毎年11月1日〜2月10日までの100日間、千葉県の大荒行堂に籠もり、1日7日の水行をします。水行以外の時間は読経や写経をし続け、食事はお粥が1日2回。寒さ、疲労、栄養も充分でない状況で、今でも途中で亡くなる方がいらっしゃるのだそうです。

そして天台宗の小野さん。
小野さんは、非常に有名な千日回峰行の導入編とも言える百日回峰行に挑みました。比叡山内を裸足に草鞋で飛ぶように駆け抜ける修行で、途中でやめる場合は自決しなければならないという厳しさです。また、小僧(研修)期間を経て回峰行に入り、終えた後は奉公という期間もあるので、実質丸1年ほど比叡山に籠もるのだそうです。

もともと親しくさせて頂いているお二人ですが、その経験談に聴き入ってしまいました。そして非常に意外だったのは、発表後の質疑応答で私の「なぜ修行をするのか?」という問いへのお二人の答えです。
久住さんは「悟るためというより、人を救い導く僧侶になるため、心身を鍛える」と仰いました。
また小野さんは「悟るというよりも、釋尊の追体験をしている」と仰いました。

私はそれまで、厳しい修行をする宗派というのは、悟りを得るために修行をしているのだと思い込んでいました。しかし、このふたりは「そうではない」と捉えているのです。特に小野さんは「回峰行をすると、自分のダメな所ばかりが見えてくる」と仰いました。

浄土真宗の僧侶の中には、修行を無駄なものと否定する方もいらっしゃいます。でも親鸞聖人は、厳しい修行の経験があってこそお念仏の道を選ばれたのですから、修行の経験は決して無駄ではなかったと私は思います。
またお釈迦さまも、6年間の苦行を経た後に悟りに至りましたが、その苦行があったからこそ、悟りに至れたのだと思います。

浄土真宗の僧侶は悟りを目指す仏道修行はしませんが、だからこそ研鑽を積むことが大切だと思っています。自分のことで言えば、傾聴や自死遺族に関わる活動は、悩める人々の苦しみが少しでも軽くなるように精進しています。いわば仏道修行ではなく、人間修行を積んでいると言えるのかもしれません。

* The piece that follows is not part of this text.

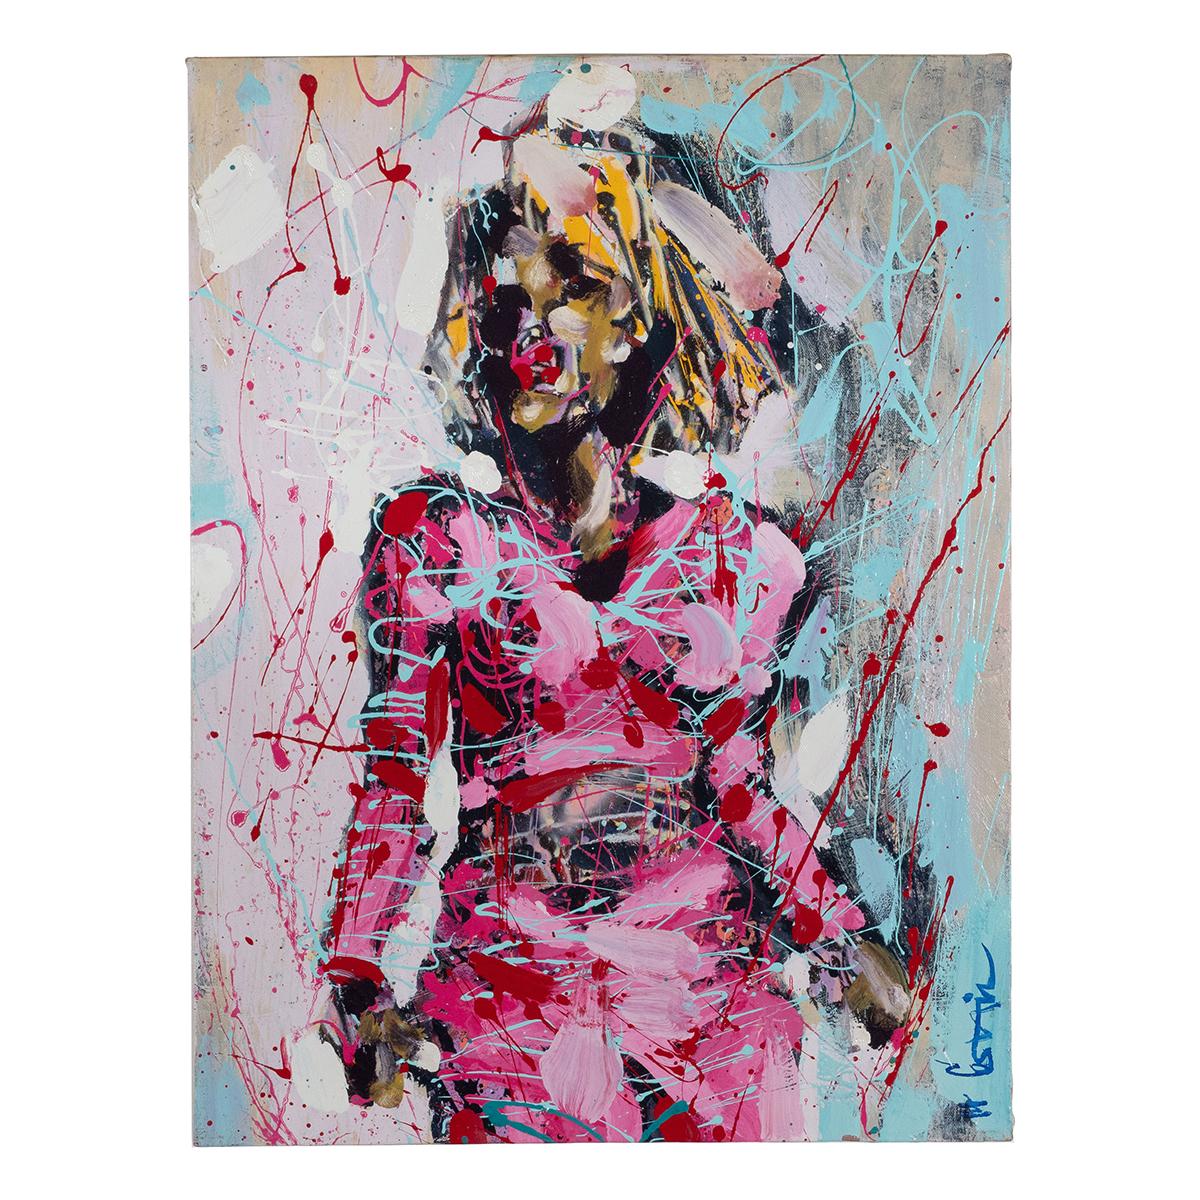 Modern impressionistic portrait of a woman in pink by Costain. Oil on canvas.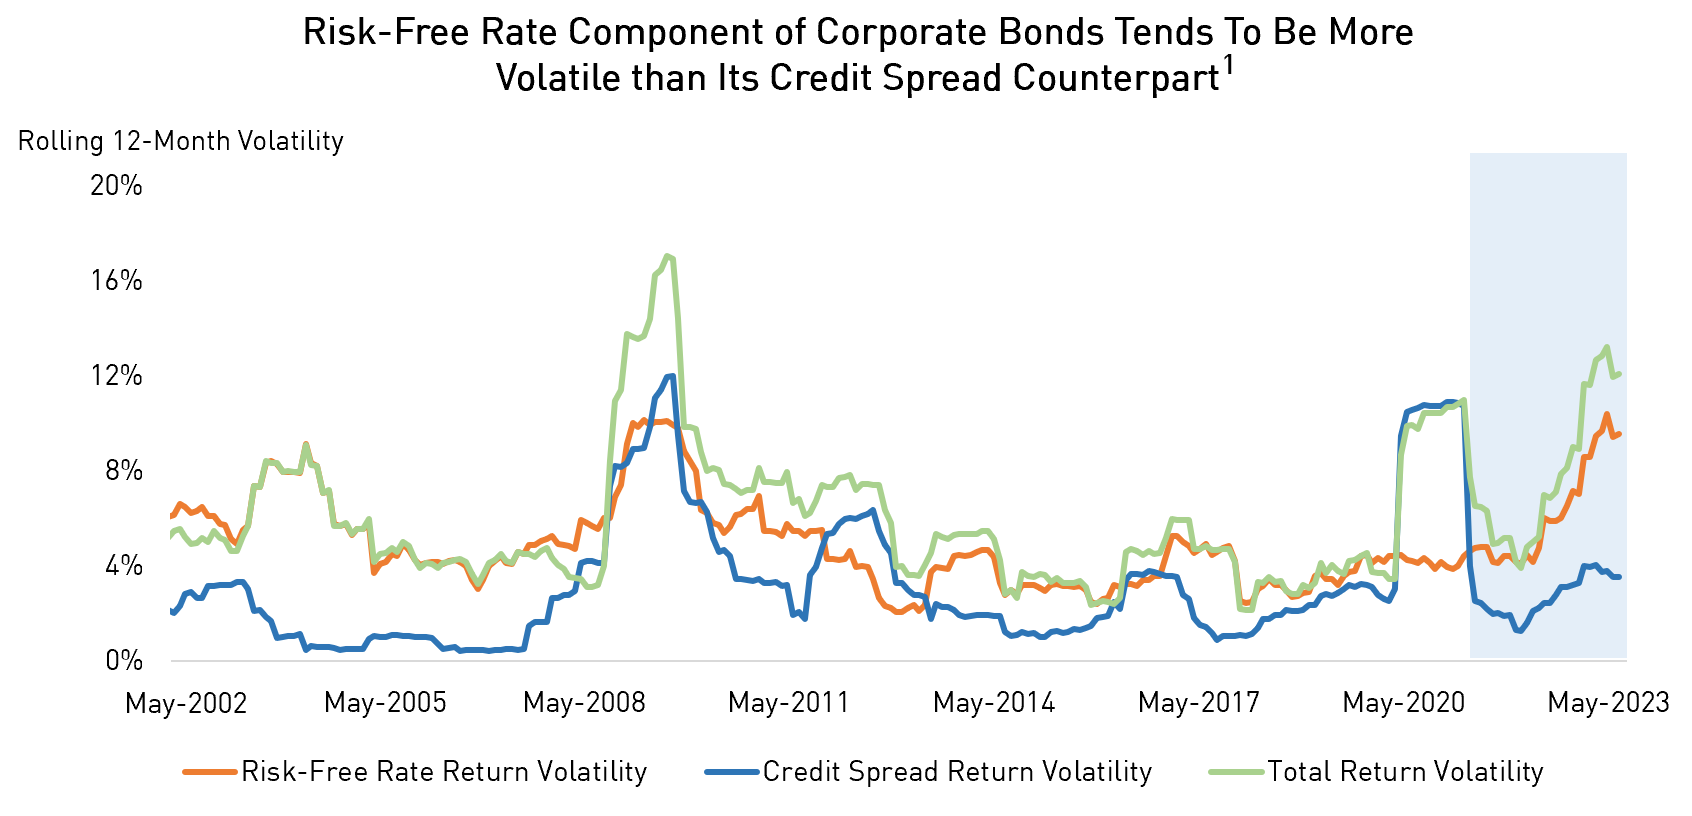 Chart showing how risk-free rate component of corporate bonds tends to be more volatile than its credit spread counterpart

厳しい修行をしても、それを一過性のものとしてしまえば、せっかくの努力が薄まってしまうように感じます。また修行が無いことで努力まで放棄してしまっては、なんのための僧侶か分かりません。
宗派によって考え方は違いますが、やはりお互いに理解することで分かり合える部分が大きくなるのだと思います。